The BLEU score has its limits, several reports show it seem underestimate the neural machine translation output - the Slator report gives a nice summary in their “How BLEU Measures Translation and Why It Matters” article [Hazel_Mae_2016].

Implementation Details

MT Companion applies BLEU on the document level only, as the sentence level reliability is not high (see i.e. the results of the WMT18 Metrics Shared Task [Ma_Bojar_2018] - the best metrics achieved the maximal correlation of 0.5 on segment level, whereas on document level it goes over 0.9).

implementation is based on the SacreBLEU project [Matt_Post_2018], which is the result of the effort to unify both the computation and test sets availability.

We follow the paper guidance to achieve comparable results, thus we publish the BLEU setting on each evaluation and the output/reference processing is eliminated.

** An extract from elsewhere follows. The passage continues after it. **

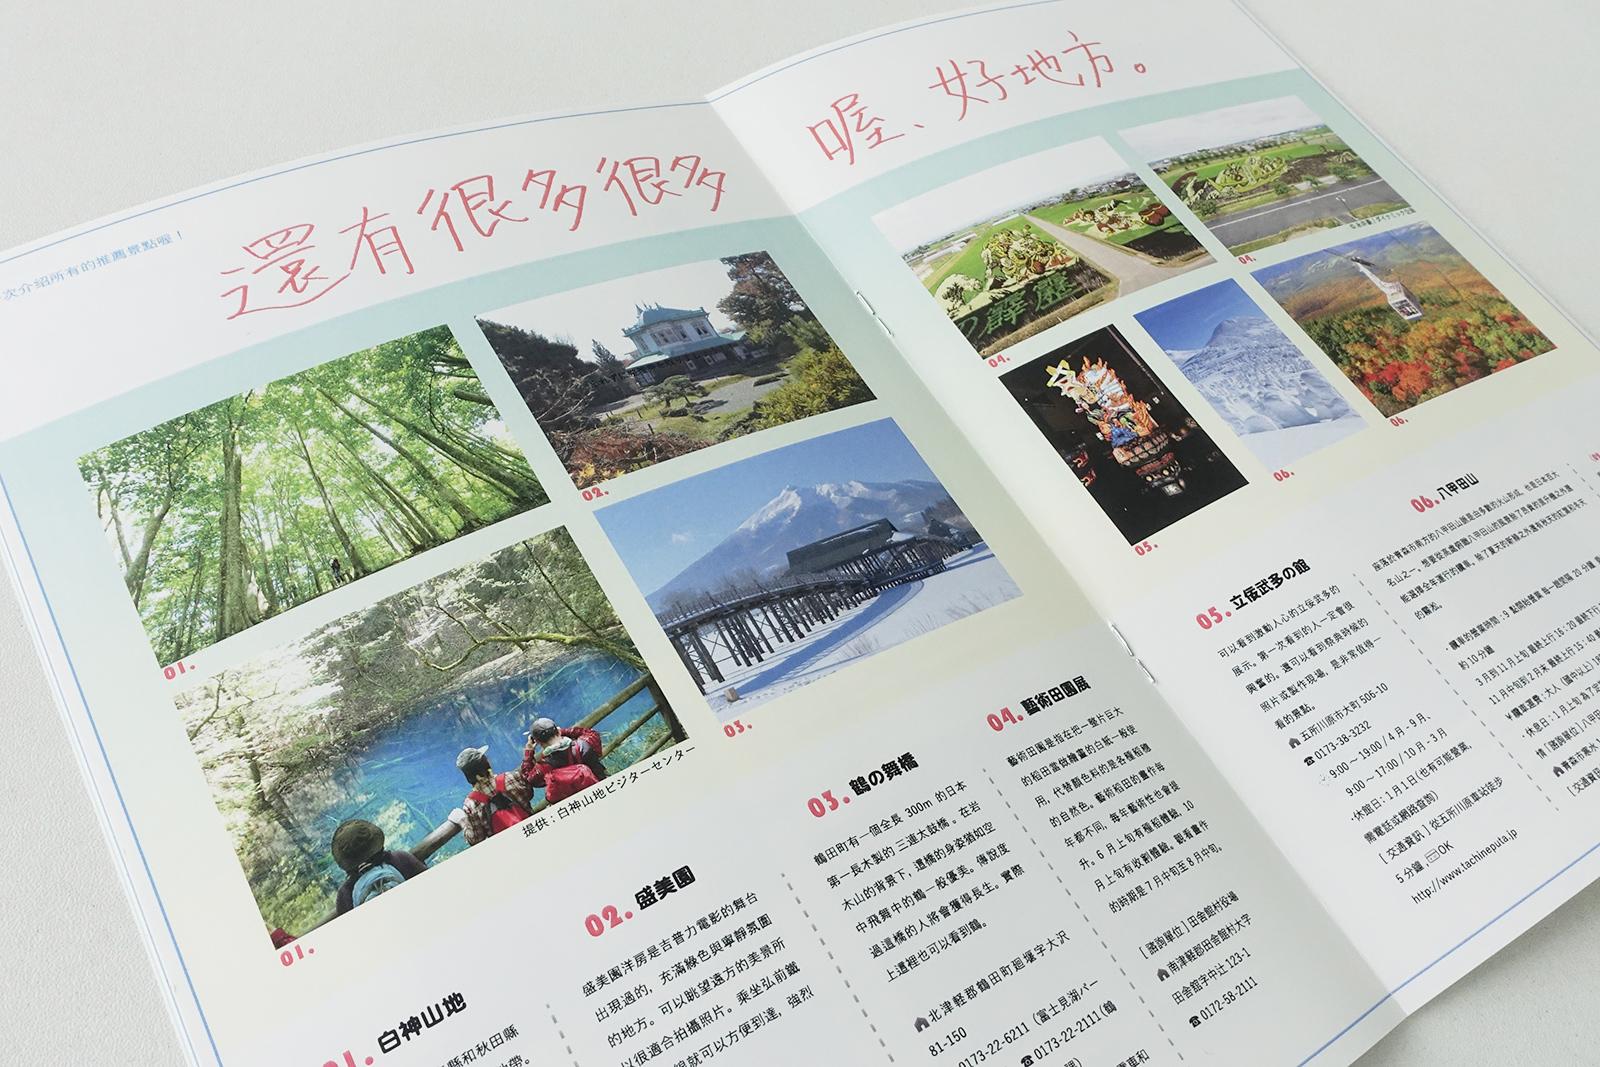 Hirogress制作の青森県観光ガイドブック『青森案内』中身

The only normalization applied on MT Companion side is following:

  1. Step: all EOL (end of line) characters are replaced with spaces

  2. Step: all XML elements are replaced with its content during TMX to plain text conversion

Tokenization is performed on the Metric level and set to “international”, which is known as slightly better correlating with human judgements (see [Machacek_2013]).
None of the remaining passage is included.